We offer this prayer so that God may be truly worshipped and proclaimed within this nation. This, we know, is so important for its own well-being. History shows us that when a people forget God, or turn their back on the reality of God, then sooner or later it is its people who suffer. Searching for the truth of God means always respecting the truth about the human person. Ignoring or banishing the search for the truth of God, means caring nought for the truth about the human person and reducing that person to something less that he and she truly is. Without God, the person becomes an object of state control, a unit of economic effort, an item on the balance sheet of care, a voter whose support is to be obtained and manipulated. But every human being is more than that, and it is the mission of the Church to be constantly proclaiming the true God-given dignity of each person as the sole reliable basis for social well-being.

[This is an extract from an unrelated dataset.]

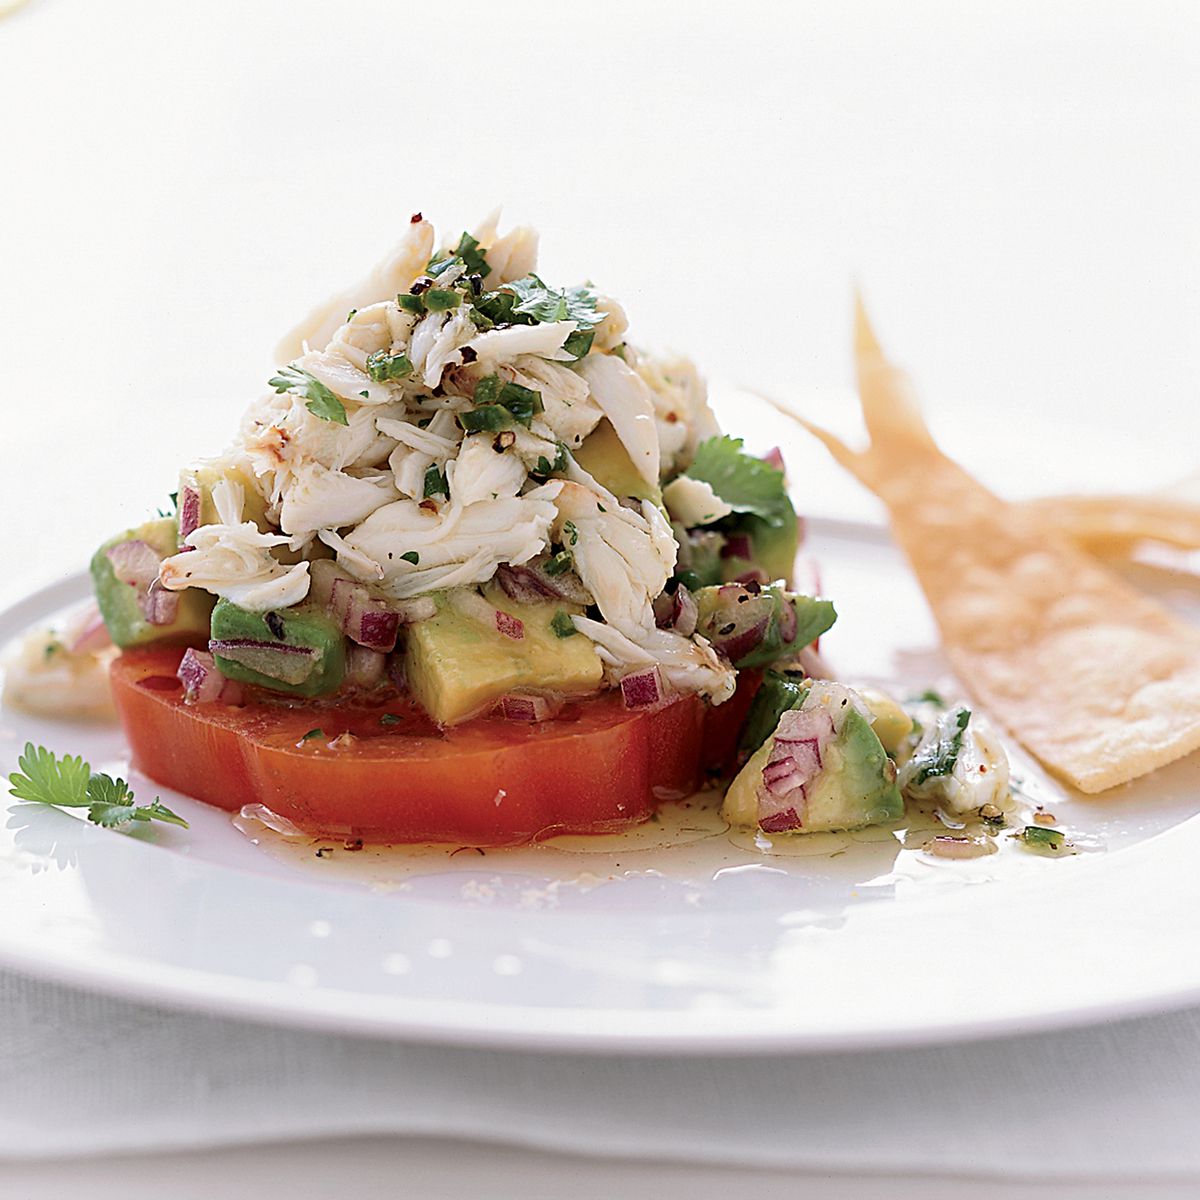 Chile-Lime Crab Salad with Tomato and Avocado

This the Church does in its teaching, for which there must be a legitimate space and opportunity. This the Church does in its liturgy and worship, which unites it to the universal prayer of the whole Church world-wide and through which a nation takes it place in the great family of faith. The Church also serves the nation in its charitable activities, in the principles and faith embodied in those activities, which become an authentic witness to the truth of our life on earth, to the values which lie at the foundation of an authentic and harmonious society.
Today’s anniversary is a moment to recall that event 20 years ago when the Republic of Slovenia officially declared its independence. A cessation of hostilities with the Yugoslav Army followed. Step by step the nation has found its feet: its constitution adopted, recognition from around the world – first of all by the Holy See; membership of the United Nations, of Nato, and of the European Union.
Today we pray: may God bless Slovenia, its people, their faith, and, in a special way, the Catholic Church in that land. May today echo with the ancient appeal of the Prophet Ezekiel: ‘You shall be my people and I will be your God.’ Amen.